Wake dive eat dive eat dive eat dive eat sleep.
Repeat!
For divaholics only? Quite possibly!
But it's also about experiencing the glorious spectacle of the Sun arising and a'setting at the bookends of the day. The pre-dawn darkness ebbs away and our special part of the World slowly awakens, but the silence remains - no roosters or lawnmowers out here!
The crew stirs down below, the divers are a little slower off the mark... until the boat's generator kicks into action - then, we're definitely into the day. A quick cuppa, then into the dinghy for the Dawn Dive.
The cool water snaking into every nook and cranny in the wetsuit expels any last trace of sleepiness. The colours, at first muted, steadily increase in radiance as the Sun creeps higher into the sky, sending shafts of light ever deeper into 'the bathtub'.
To have such an experience on a daytrip would mean an early start indeed!
Back aboard the mothership the breakfast conversation is punctuated with recollections of sights just seen and of similar sights seen elsewhere. When a bunch of divers get together, there's never a shortage of stories - some true, some truer! And there's always a comment along the lines that 'it sure beats sitting in peak hour traffic' - just as a reminder (in case anyone was to need one) that there are far worse places to be.
A leisurely cruise takes us to the next dive site - the Sun is climbing ever higher and the sunlight penetrates ever deeper, increasing the pulse of activity beneath the water's shimmering surface. The daytime feeders are out in force now, from the swarms of small plankton feeders to the apex of the predator pyramid.

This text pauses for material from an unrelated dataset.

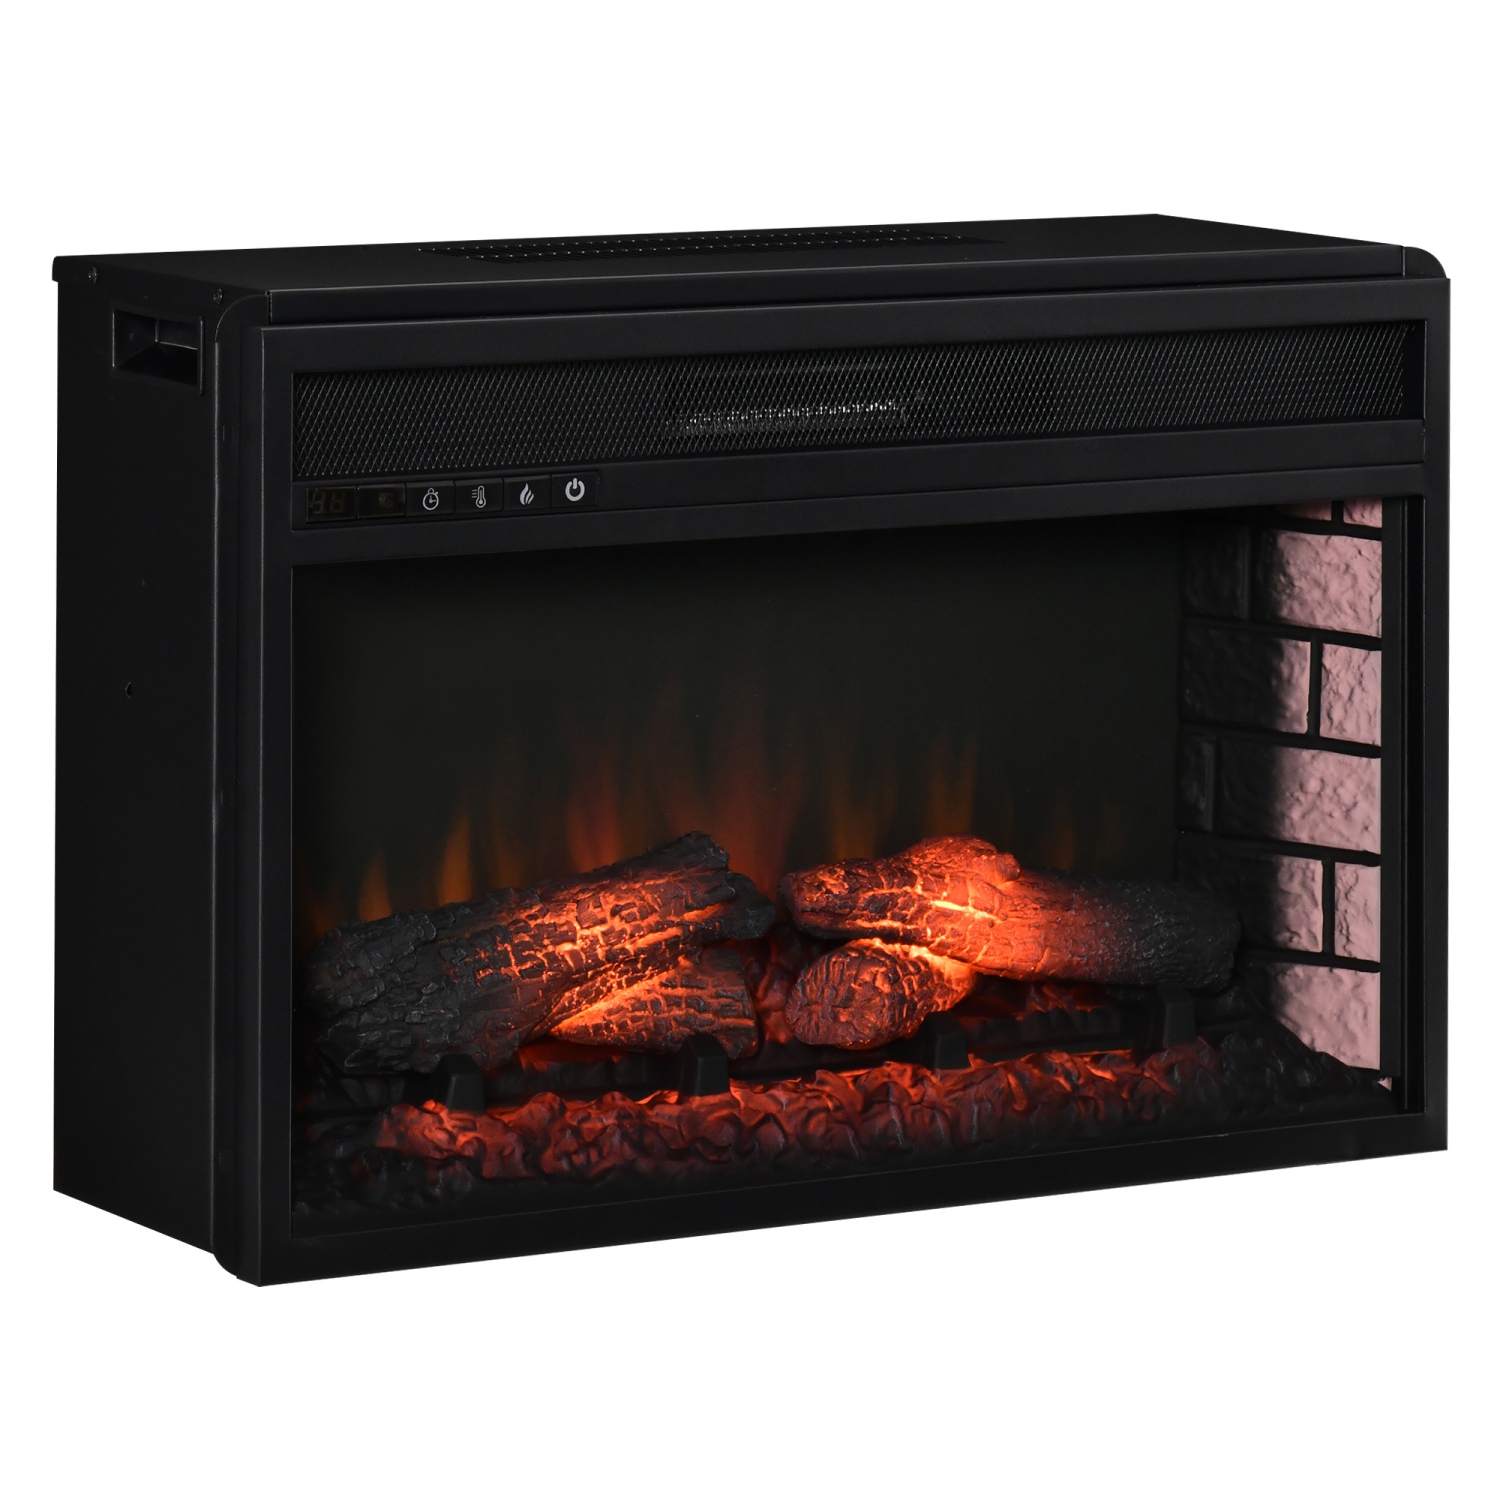 HOMCOM 27" Electric Fireplace Insert, Retro Recessed Fireplace Heater with Realistic Log Flame, Remote Control, Adjustable Brightness, 1400W, Black

Back to the mothership and it's time to eat again. Lunch, more stories and perhaps a siesta as we move to the next dive site.
Each dive is different; even at the same site the mid-afternoon experience can be dramatically different from that of the mid-morning dive. Mantas appear when you don't expect them to, and don't appear when you do! On a liveaboard there's the flexibility to mosey around different dive sites to find those that best suit our desires - a luxury not often afforded by daytrip schedules.
After the dazzling sunset...the piece de resistance for liveaboards. You can go on a night dive, get out of the water and under a nice warm shower, then sit down to dinner; all in the time it would take a dayboat to get half way back to shore.
Am I now a fan of liveaboards? You bet!